Thanks for the reassurance - I will watch & wait - we are a healthy active family & she eats a good diet... She might well be due a growth spurt actually as she has been in the same size shoes for 9 months now (saved me a fortune!).

OP posts:
MateyM00 · 19/06/2012 09:51

ooh these test make me mad.

dd eats like a sparrow... i was concerned and i asked for advice.

BY the medical staff visiting the school i was told that she would be she would be like me, 'not so tall and well.....'

So short and fat then!

she is 9 in november and she has gone to school in age 7 trousers, admittedly i've had to turn them into clamdiggers, otherwise she looks like micheal jackson in his thriller stage.

i have a theory.... they have to take all the kids in the world into account in these figures. maybe a third of the world is borderline starvation. the rest of the world have an 'obligation' to step in when this starvation passes borderline.
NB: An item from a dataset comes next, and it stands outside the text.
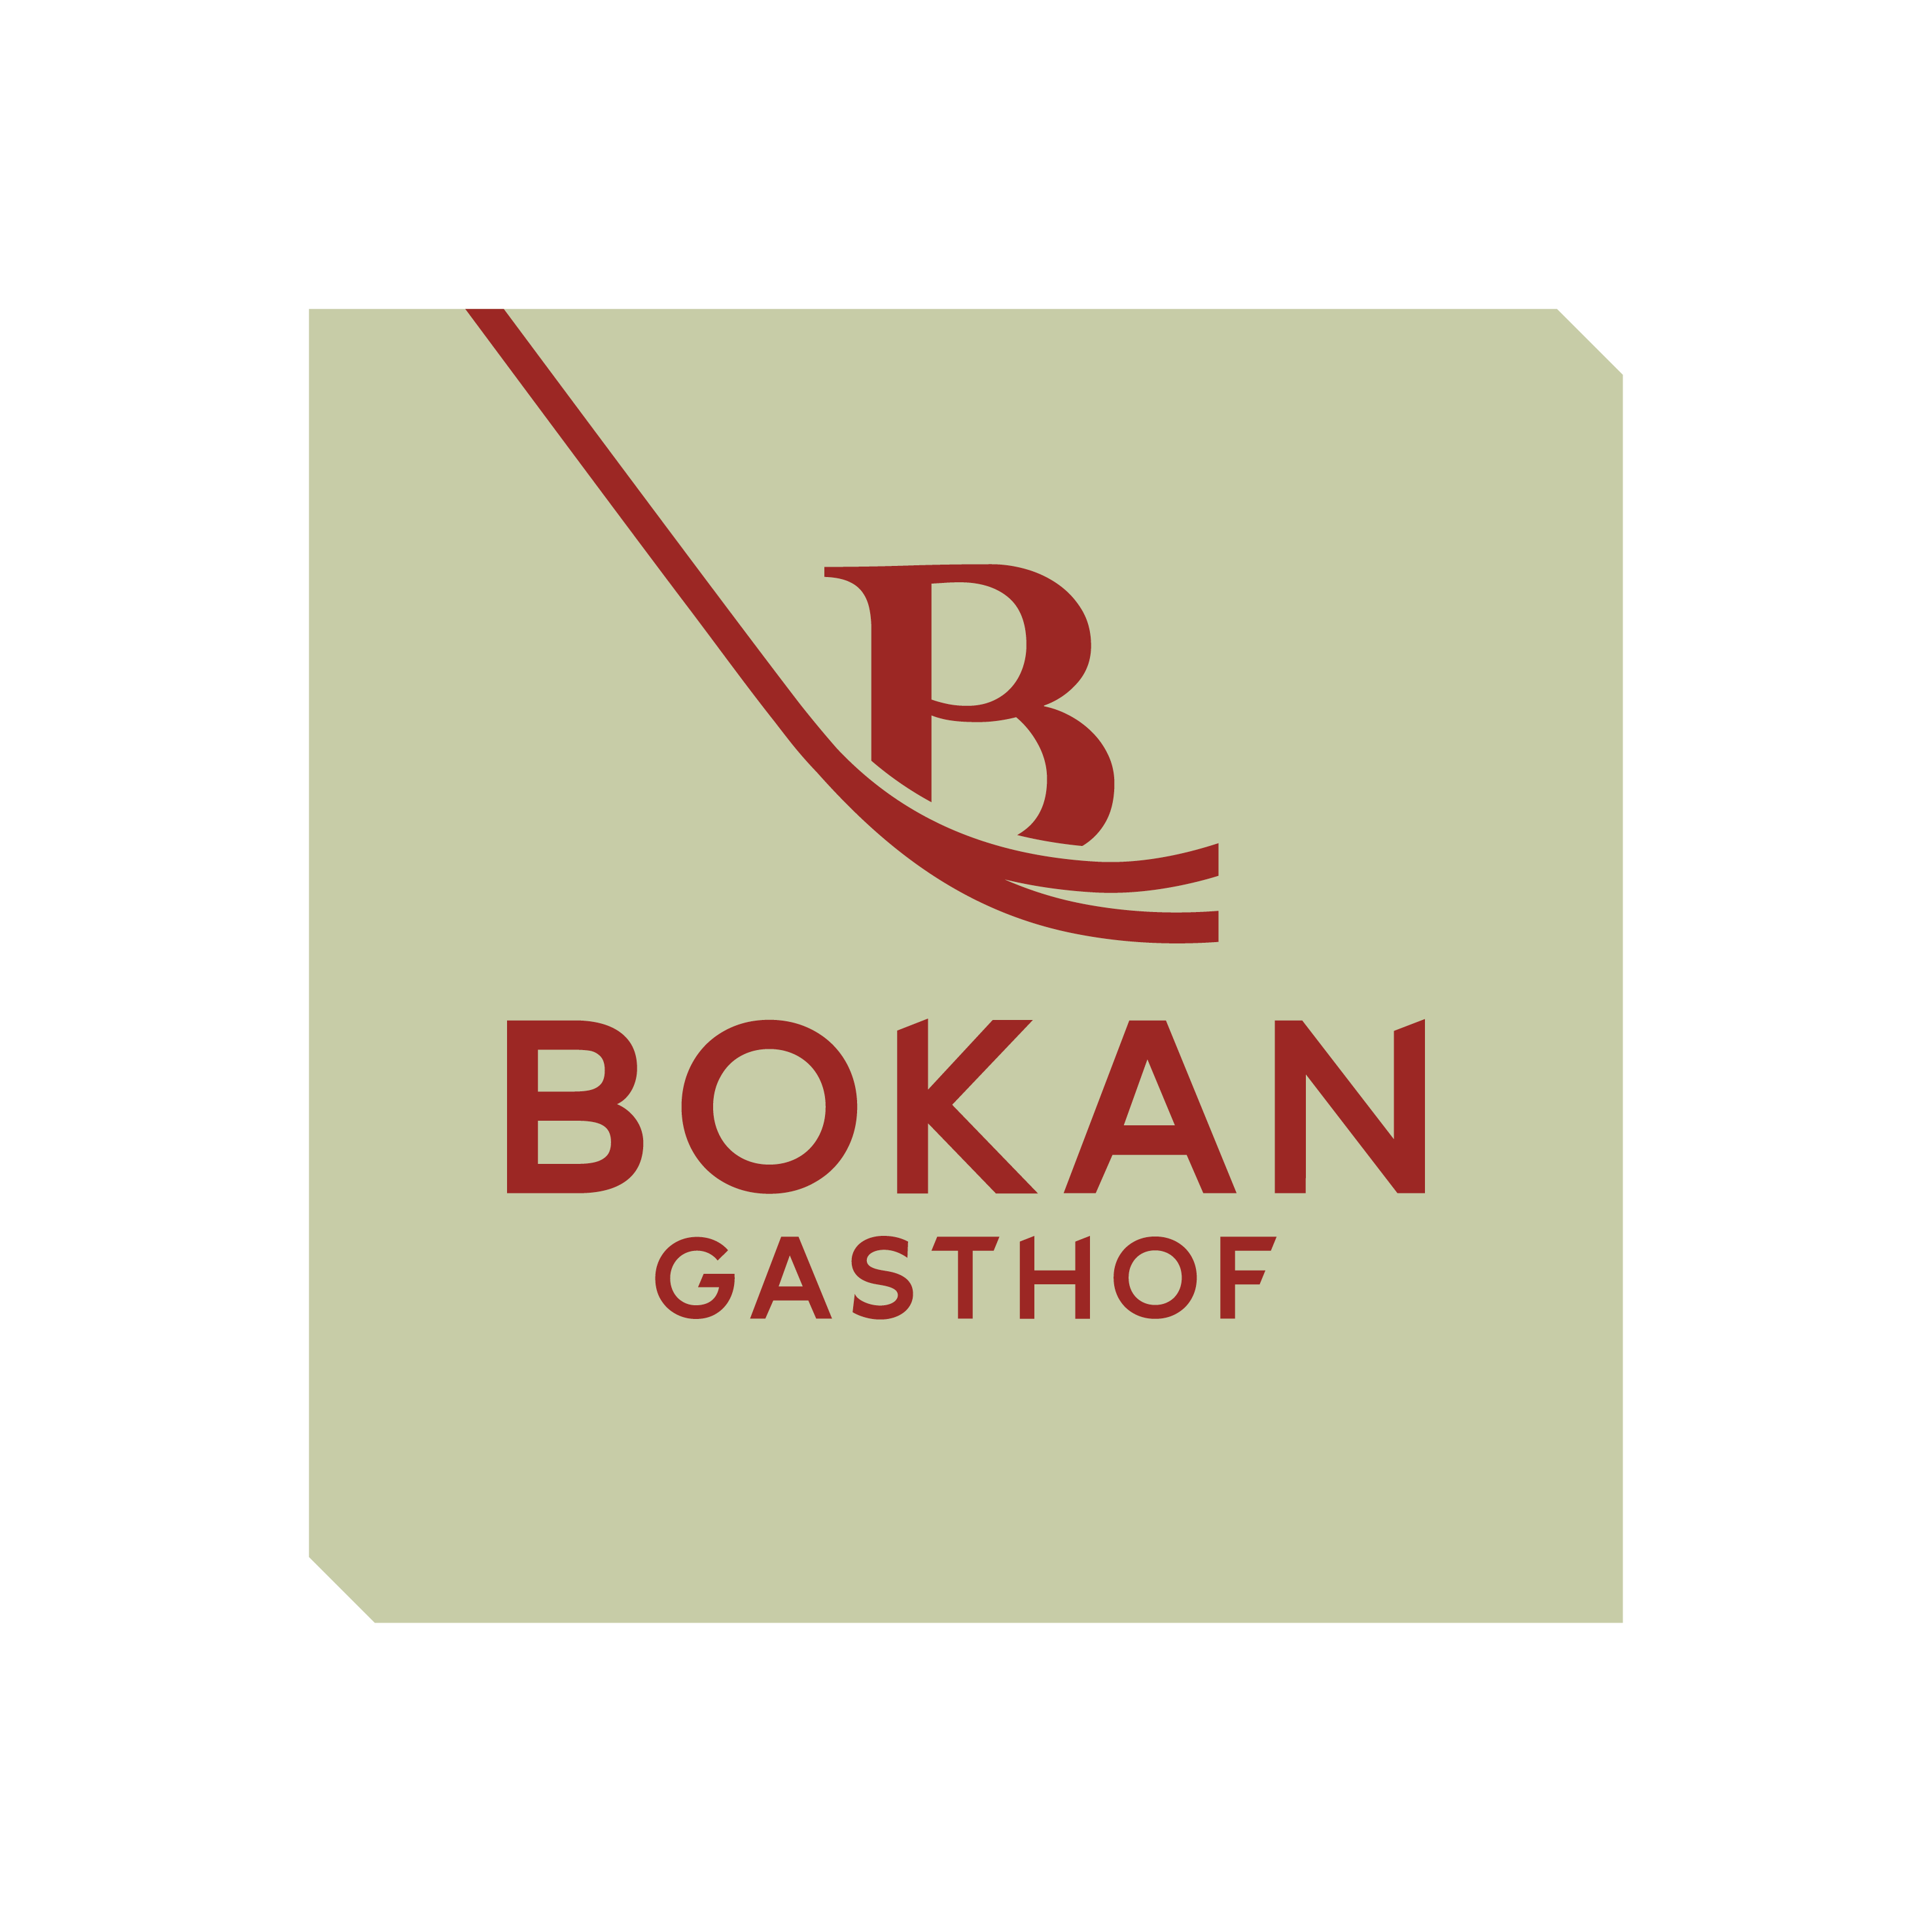 Bokan Restaurant, Graz

so if we say that x is normal, these starving kids are further away from normal so this may trigger help, that the rest of the world thinks it cant afford.

Maybe i'm not being very eloquent, but i hear over and over again about healthy looking kids being told they are obsese and overweight that they MUST have thier measure wrong.

please dont stress, make sure DD has a healthy diet, lots of playtime and she'll be fine!

HecateAdonaea · 19/06/2012 10:05

Yeah, it means that out of 100 children, 19 will be taller than her but only 6 will weigh more than her. If 19 were taller than her and 19 weighed more than her, or 6 weighed more than her and 6 were taller than her - she'd be perfectly in proportion. It's not so much about the number as the two numbers together and the amount of difference between them, iyswim.

Apparently.

I got this from an appt with dietician re mine, who I am concerned about. They look like the other kids, don't have double chins or rolls of fat, or look how we think an 'obese' child looks. See them in the yard with all the other kids and they all look the same!

She also told me about portion size, which is basically 3 groups, veg, protein and carbs. Protein should be the size of the palm of the child's hand, carbs should be the size of the child's hand and veg can be what you can cup in your hands Grin

and I realised that's where I'd been going wrong.